Cold air hit him as soon as he stepped inside his living room, and the scent of something metallic, with a hint of earth, like a dampened stone after rain. Earthy undertones from the surrounding rock blended with the aroma of medicinal herbs from the hydroponic gardens that lined the far wall. Occasionally, traces of that morning’s breakfast pierced the stale, recycled air.
He placed the box from Dr. Denton on his entryway table and headed straight for the nearest bottle of alcohol—Bee’s Finest—a mead concoction infused with cherries to give it an even sweeter taste. The logo proudly declared in delicate script, “Ten out of ten bees would recommend. 17% vol.” He poured some into a glass mug. The sugary fragrance wafted upwards, tantalizing his taste buds. A swift dash to the microwave and ten fleeting seconds later, the liquid transformed. Warm, not hot, was the key to unlocking its full flavor.
He moseyed over to the well-worn armchair, his favorite spot in the house, and plopped down. The chair creaked under his weight. He swirled the drink once in his hand and watched the reddish-amber liquid catch the light before he took his first long, satisfying mouthful. Warmth spread through him. “Heaven,” he muttered. He took two more swigs in quick succession. Setting the glass down on the side table, he turned his attention back to the mysterious box.
He pulled out the envelope on top and turned it over in his hands. His name was scrawled across the front. Probably nothing important. Just another formality. Not worth the trouble right now. He set it aside and reached for the contents beneath it.
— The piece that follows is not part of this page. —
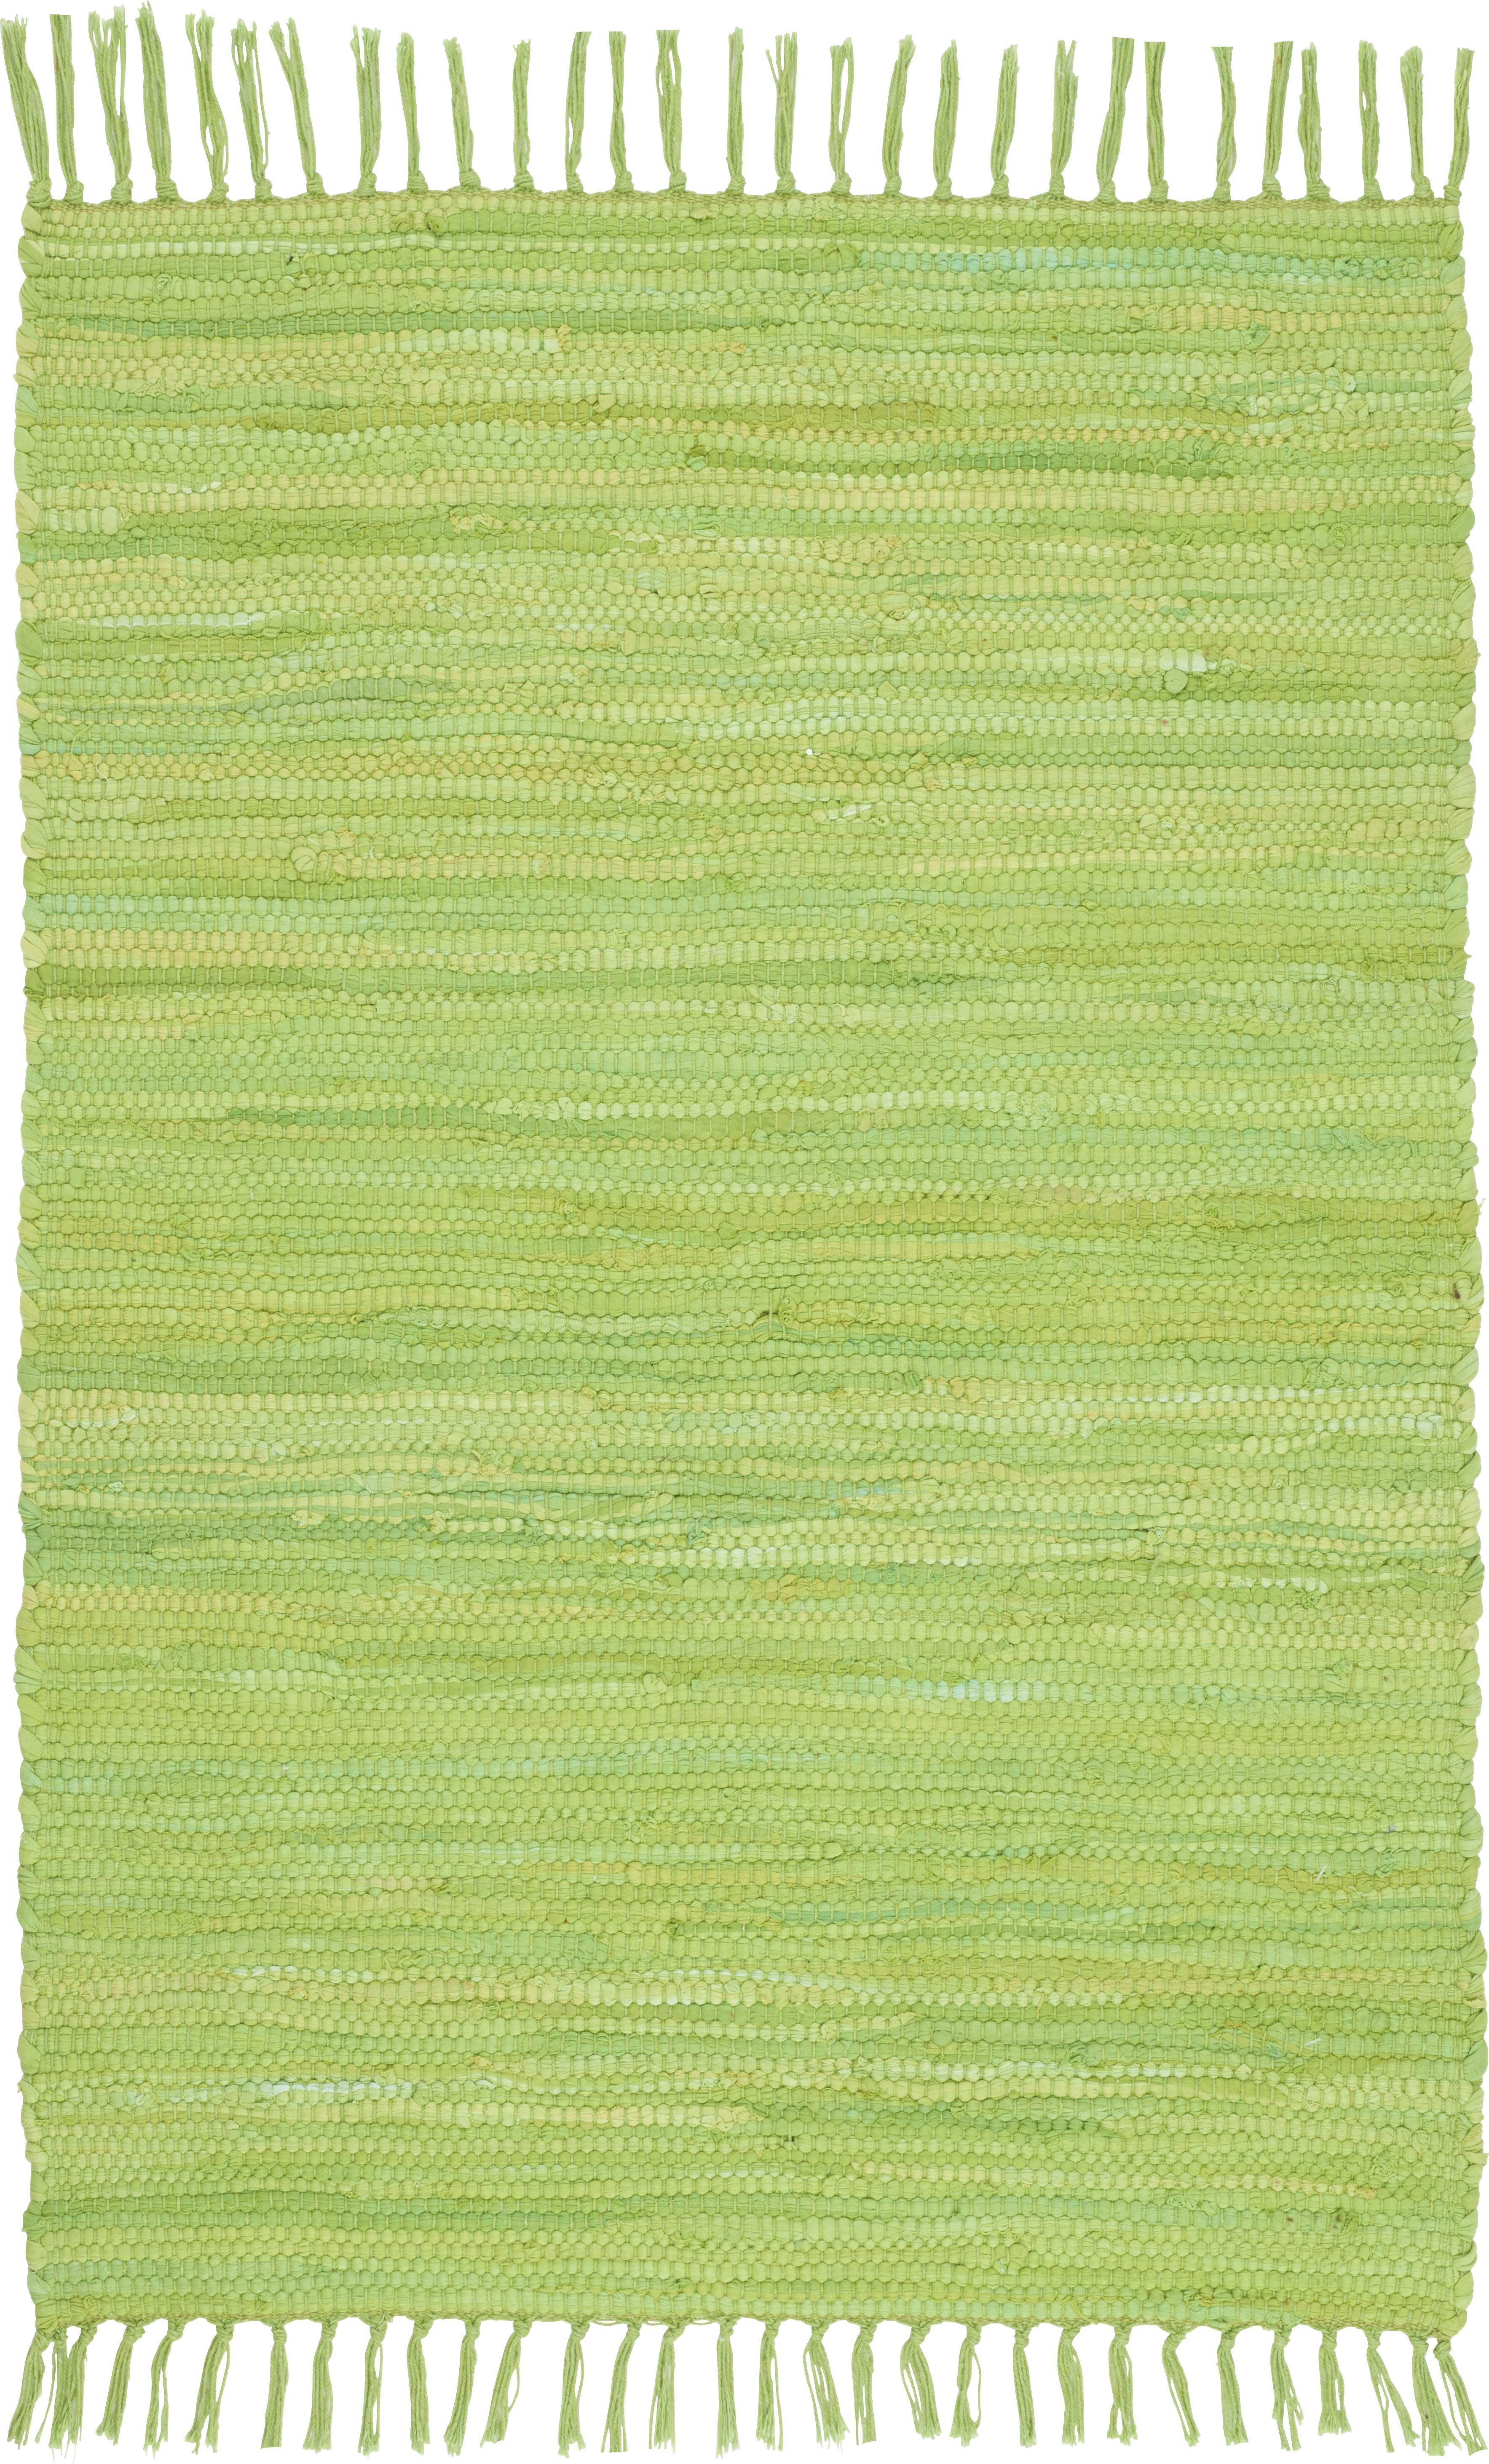 Fleckerlteppich Julia - Hellgrün, KONVENTIONELL, Textil (60/90cm) - MÖMAX modern living

Each item he pulled out added to the mystery, making him question his place in Dr. Denton’s life. His fingers skimmed over stacks of papers and odd trinkets and brushed against the worn edges of book spines. They weren’t all medical texts. One, tucked between thick journals, was a book of poetry by Denis Crook.
He scrunched up his face, confused as to why Dr. Denton would leave him a book on poetry by some unknown author. For half a second, he thought Liam had been mistaken and either handed him the wrong box or had him confused with someone else—someone more deserving—someone who Dr. Denton had really thought of as a son. A pang of doubt cut through him.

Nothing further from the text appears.